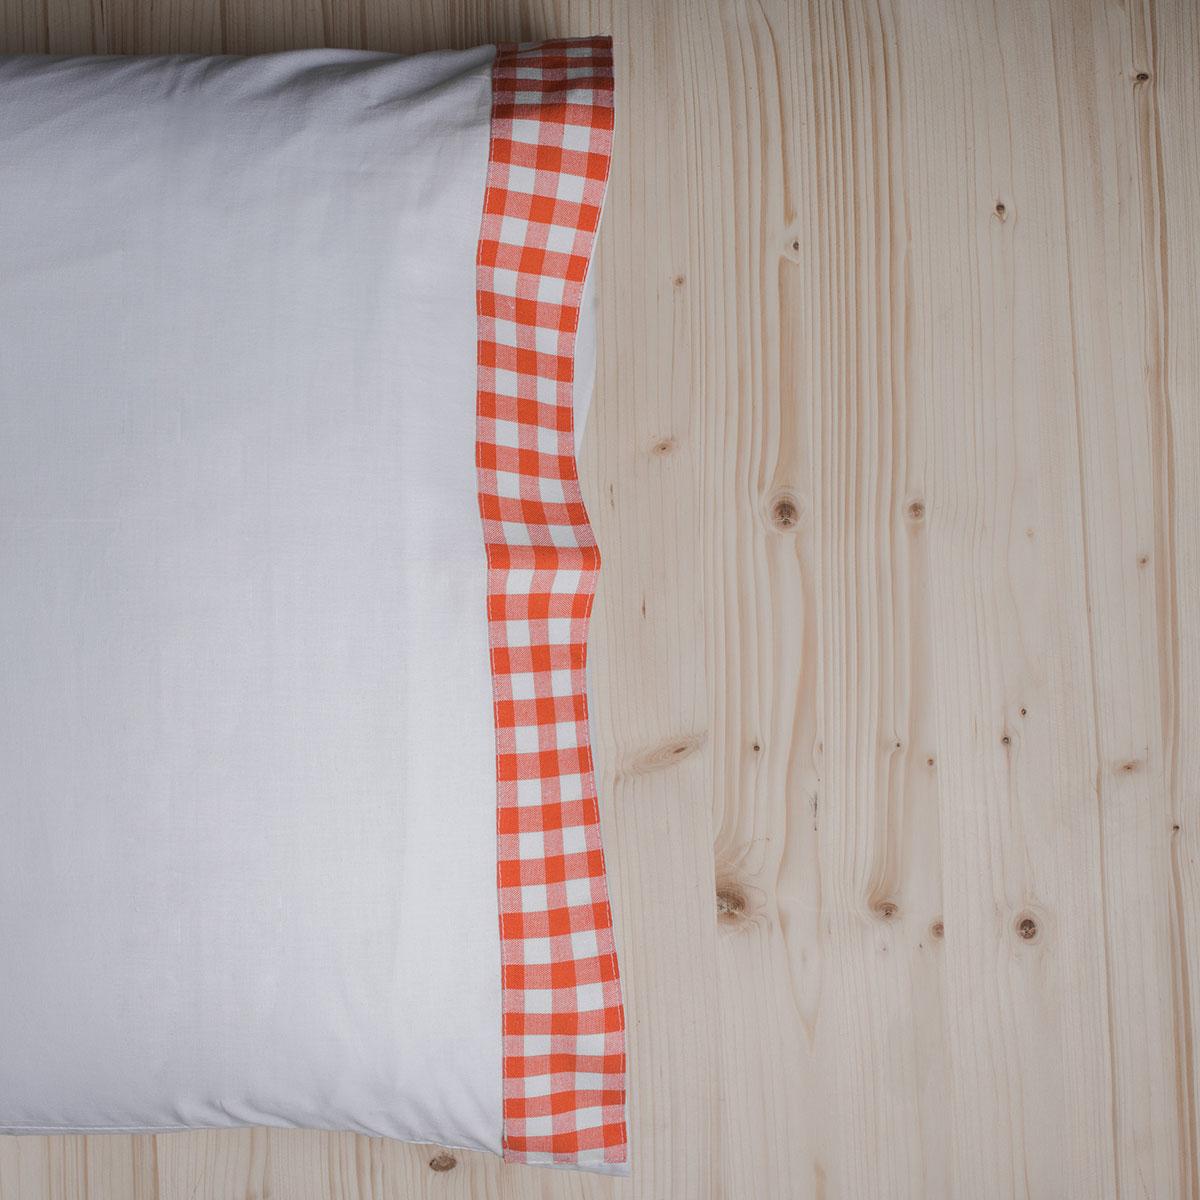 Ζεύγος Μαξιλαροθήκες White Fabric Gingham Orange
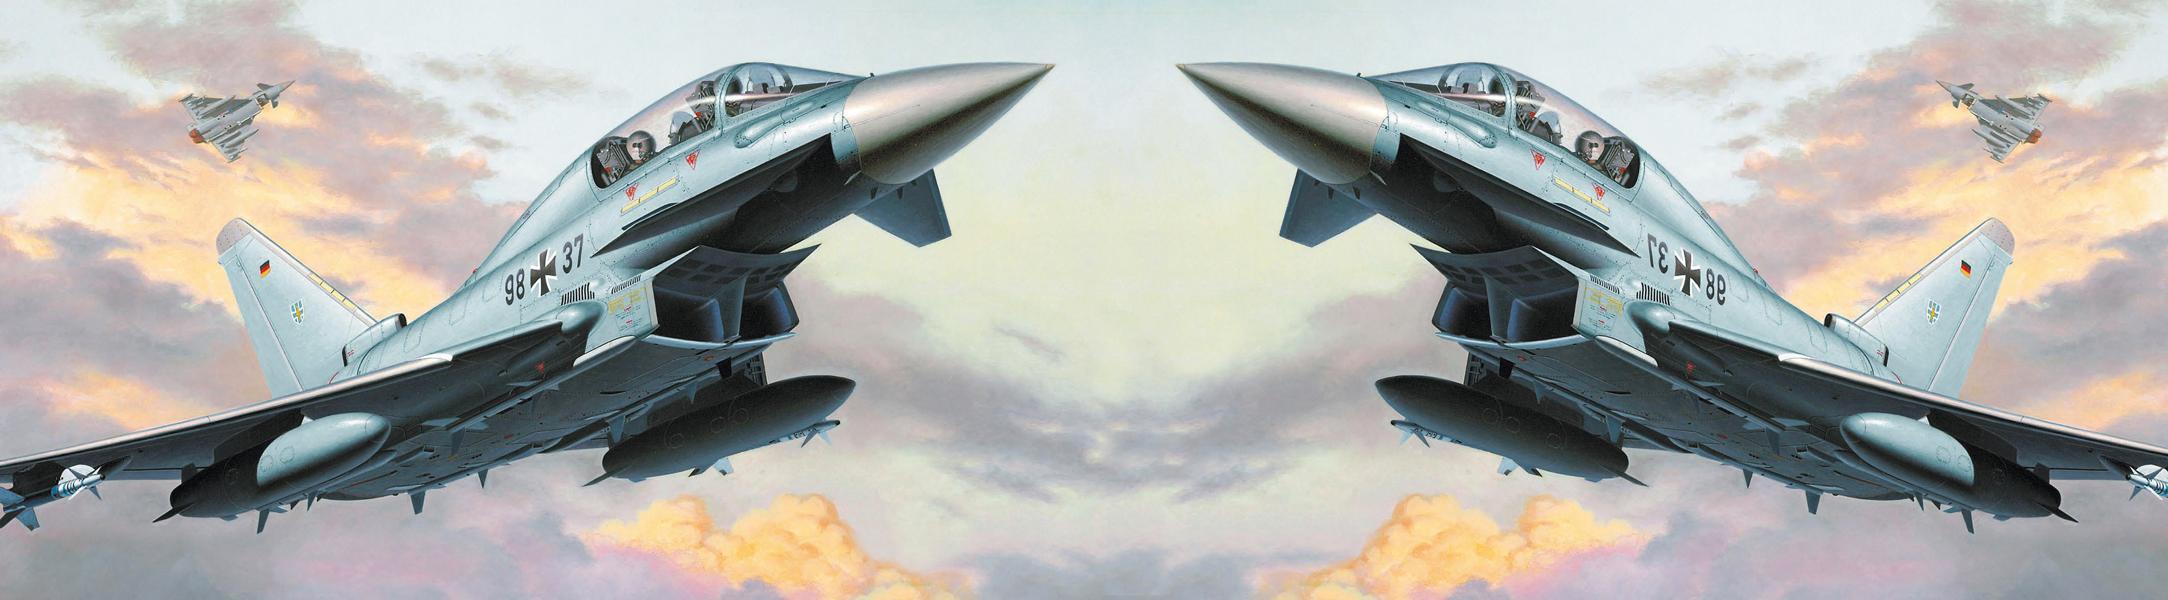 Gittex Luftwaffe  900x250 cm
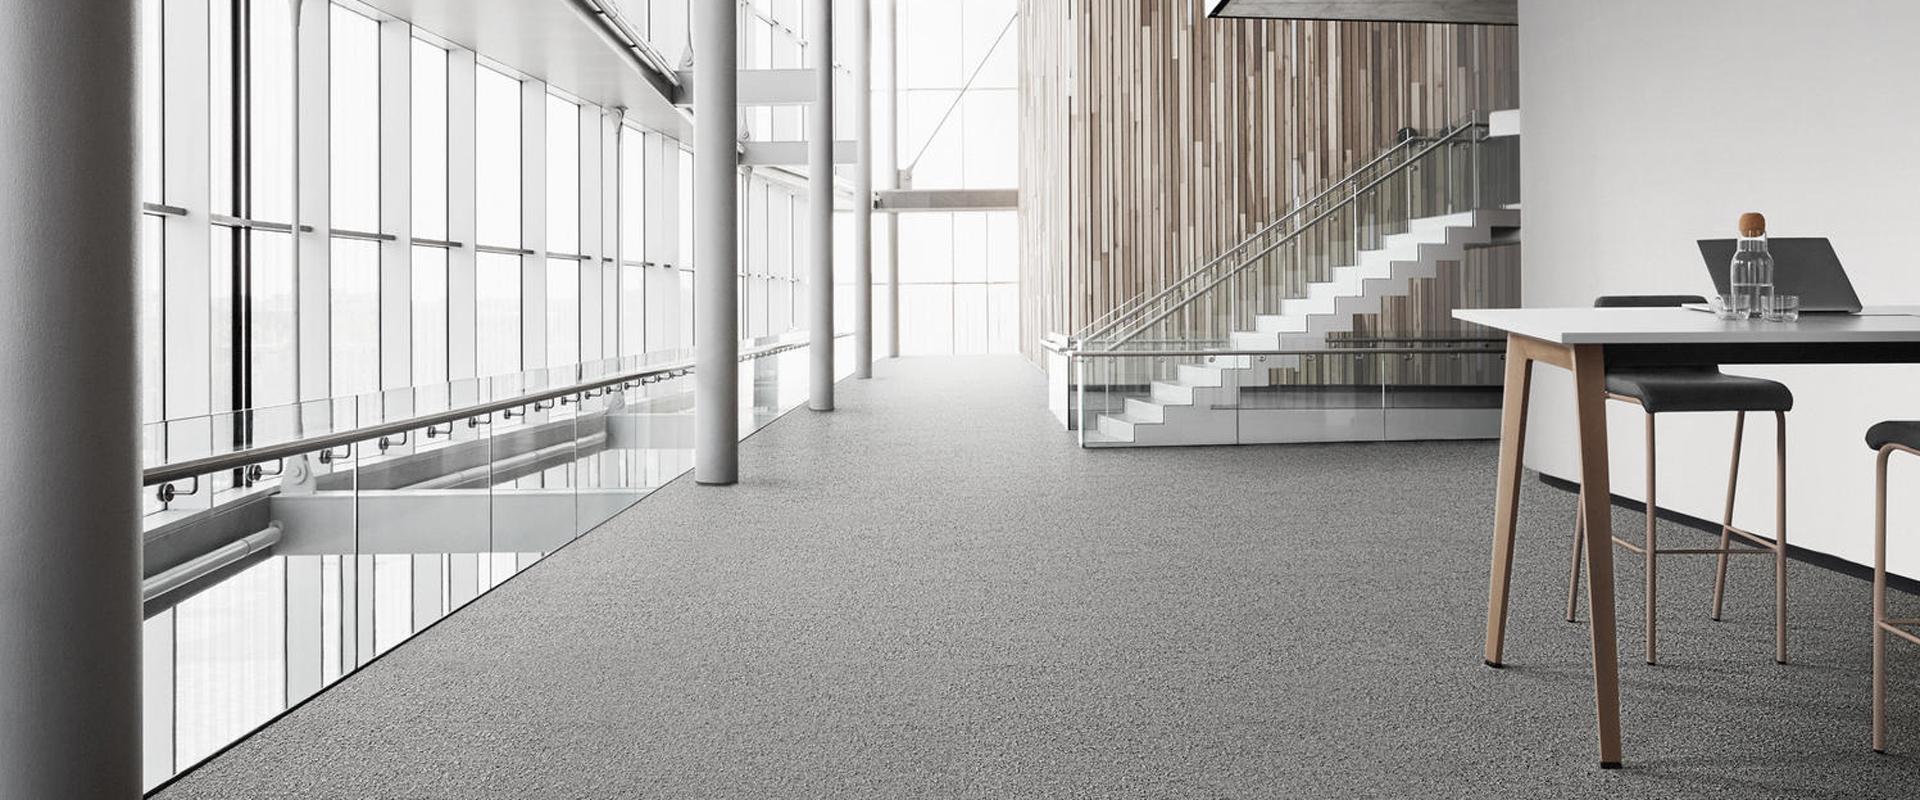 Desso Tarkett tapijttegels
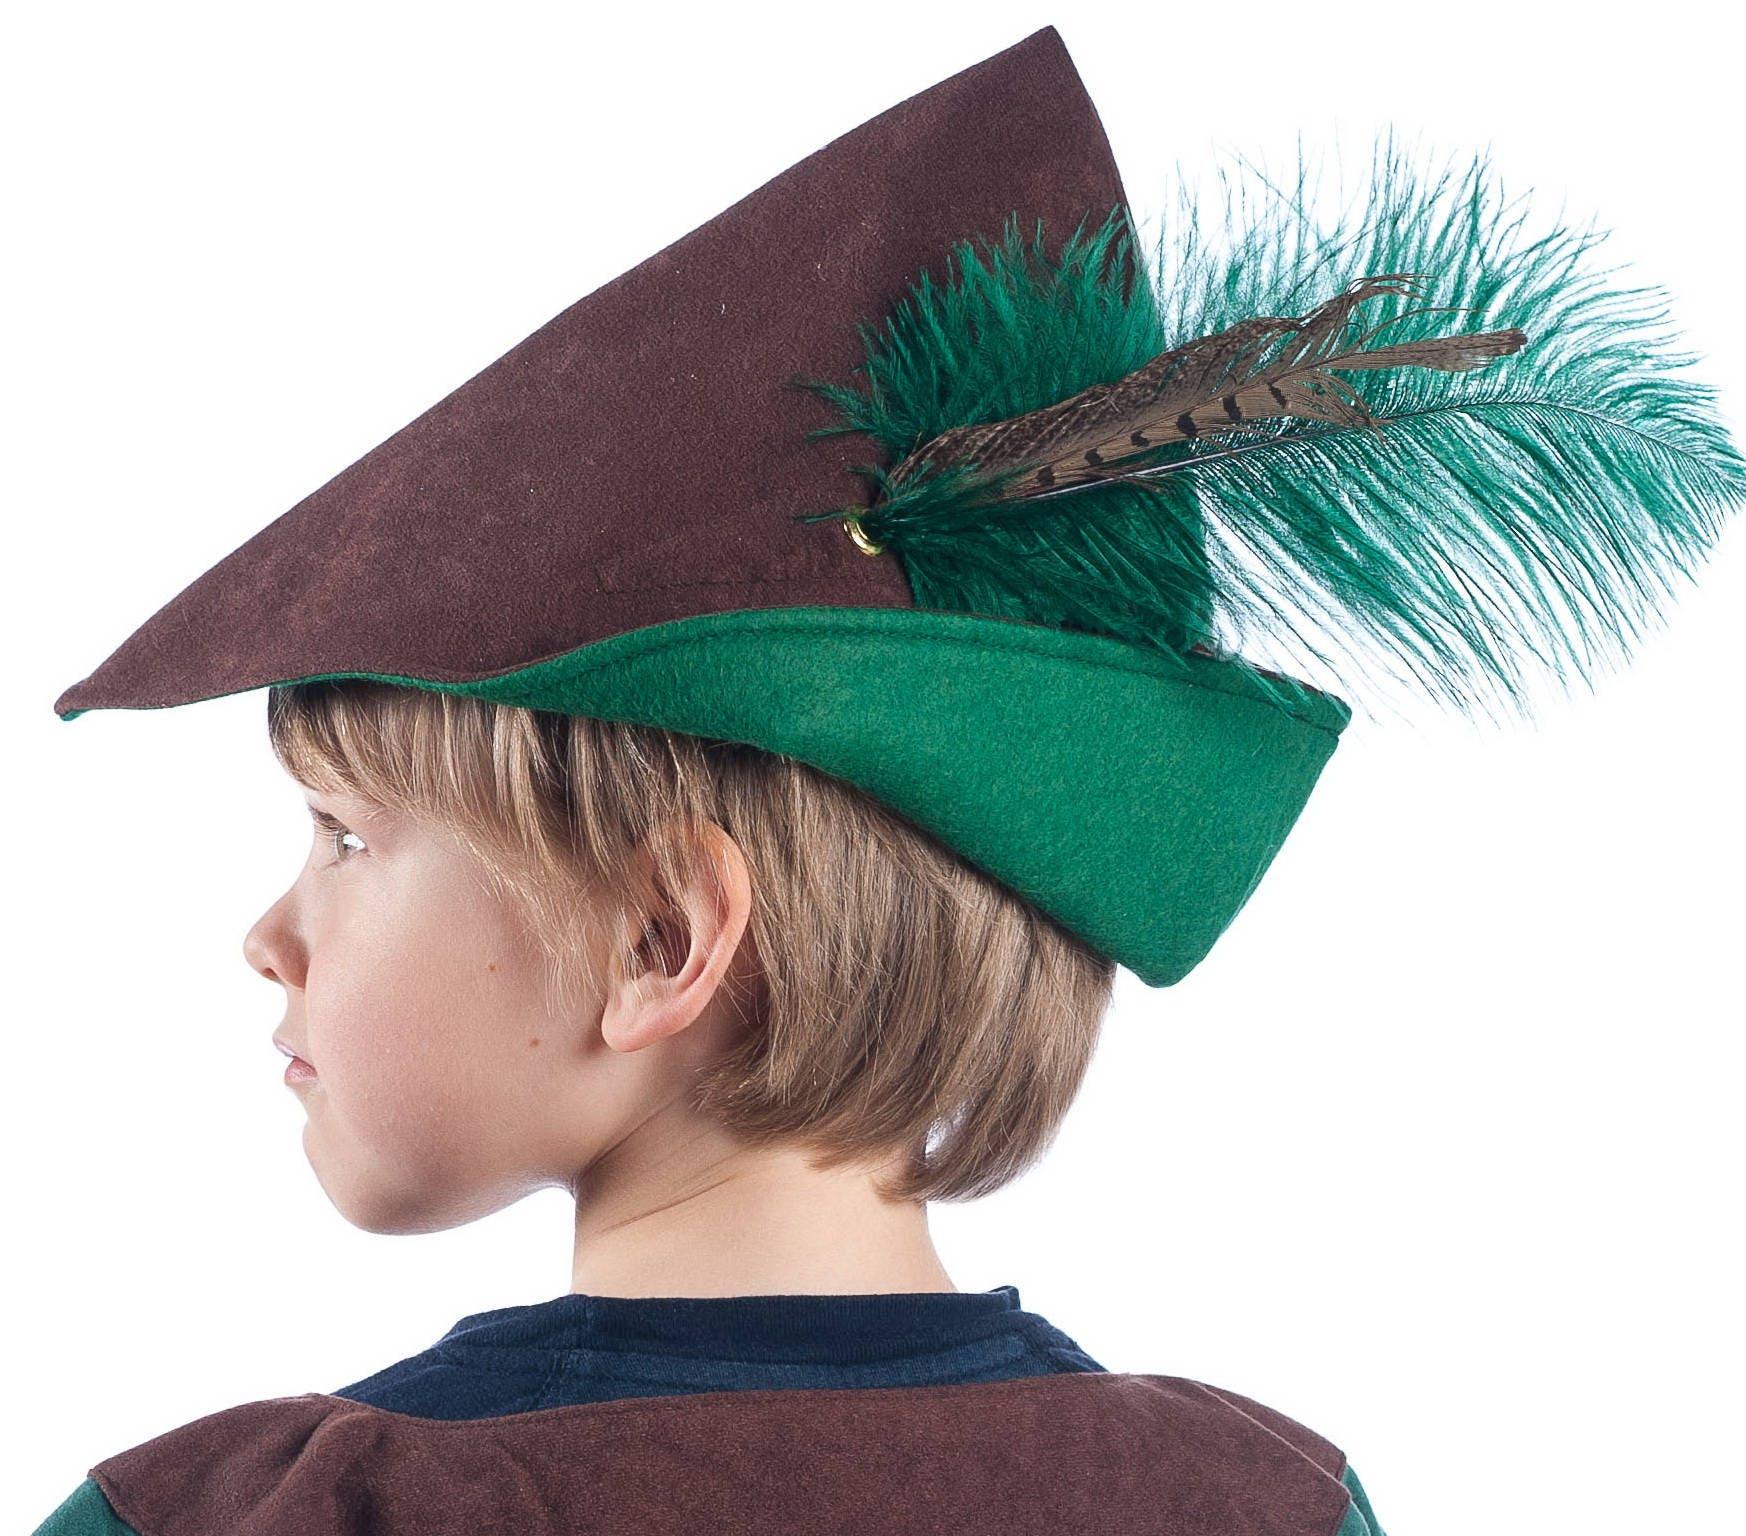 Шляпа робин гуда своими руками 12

____________

### Prompt:
Give the data again exactly. Keep the images out.

### Exercise answer:
 Ζεύγος Μαξιλαροθήκες White Fabric Gingham Orange
 Gittex Luftwaffe  900x250 cm
 Desso Tarkett tapijttegels
 Шляпа робин гуда своими руками 12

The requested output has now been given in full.